Norton's production on the "Gigantic" single added a new level of finesse to the band's sound without killing any of its essential rawness. He pushed the vocals higher in the mix, tautened the arrangements, and made a generally cleaner recording, with each instrument coming through sharp and distinct. Norton also made a caveman-striking-fire discovery in the rhythm section. The bass, steadied and made more trebly, gave the tracks a danceabl
e bounce, something more akin to the Cure than Husker Du. The new versions of "Gigantic" and "River Euphrates" were released on a 12 inch single by 4AD that August. Two live tracks from the Town and Country Club, the last night of the tour, were used as B-sides, "Vamos" and "In Heaven (Lady in the Radiator Song)."
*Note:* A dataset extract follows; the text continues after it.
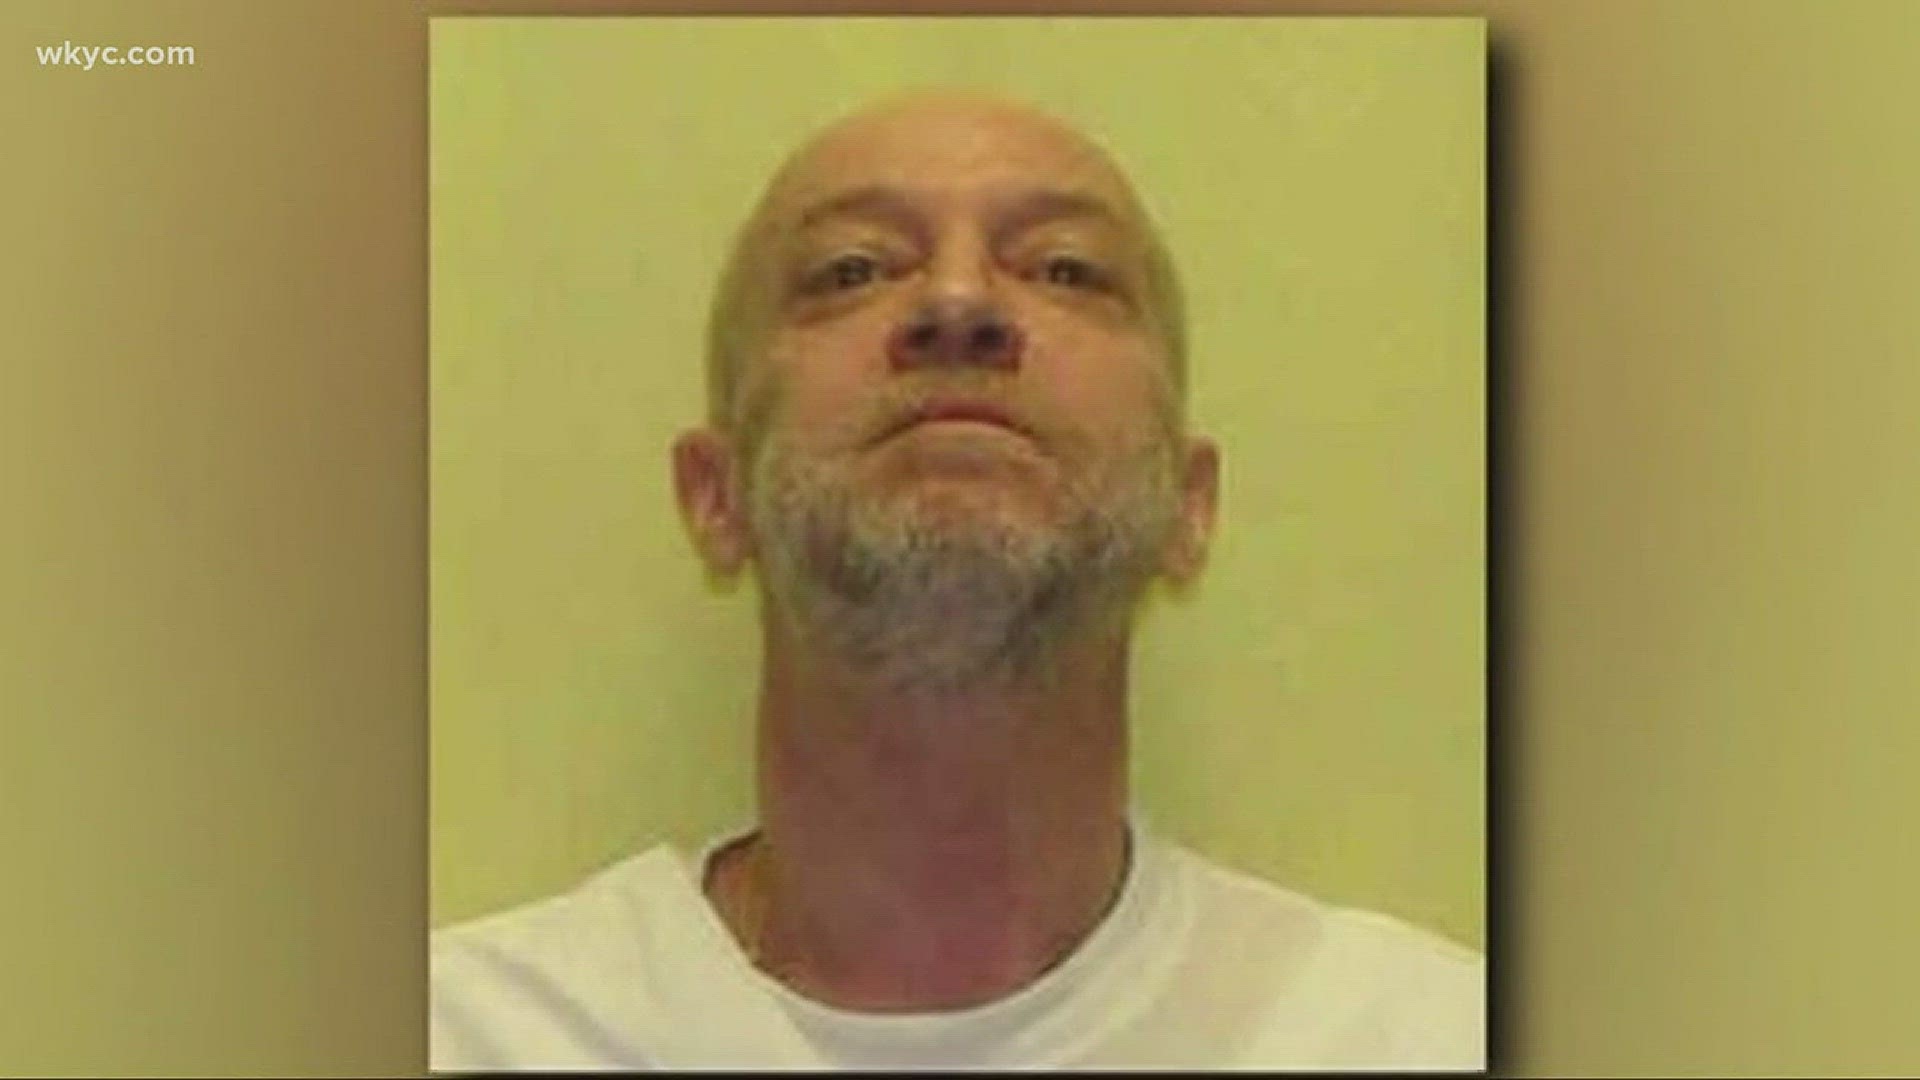 Jan. 28, 2018: Attorneys trying to stop the execution of a condemned Ohio killer in less than three weeks are drawing parallels between the state's opioid crisis and their client's drug abuse. Lawyers for death row inmate Raymond Tibbetts say his life spi

The new recordings made enough of an impression on the band and the label that when it came time to get a producer for the next album, Norton was one of only two names considered. The other was Ed Stasium, who had recorded the Ramones and Julian Cope and had a recent hit with Living Colour's Vivid. Stasium had also just worked on Soul Asylum's Hang Time with another of the Pixies' producers-not-taken: Lenny Kaye, guitarist for Patti Smith and compiler of the legendary Nuggets album. Kaye says he had the chance to record the Pixies in late 1987-Surfer Rosa era -but passed on it cuz the band just seemed a little too brand-new. "The Pixies were in such a nascent stage," he says. "Sometimes you don't want to produce a band, don't want to make them grow in a certain way they can't grow into." To choose a producer for what would become Doolittle, the Pixies' manager, Ken Goes, approached the band in its rehearsal space one day and offered two names, Stasium and Norton. The former's style was muscular and American, leaning toward metal; the latter's, light, precise, and undeniably British. Thompson shrugged. Up to you. Watts-Russell was keen on Norton, and everybody else liked him too, so that was that. Stasium was never approached.
Arriving in Boston in mid-October 1988, Norton began sorting through the band's various demos, and summoned Thompson to his temporary apartment to go over the material. They spent a couple of days playing the songs on acoustic guitar, tweaking them here and there. Norton, in song-doctor mode, had one recurring request: that the songs be longer. "He always had really good bits," Norton says. "They were really short, minute-and-a-half songs. Bangbang-bang, verse-chorus, over, done." So he attempted to persuade his client to add a verse here and there, do this part twice, add some middle eights. But Thompson was reluctant to make any alterations, due as much to his pride as his short attention span. "He was like, `Why do that? I'm going to get bored if I do that,"' Norton says.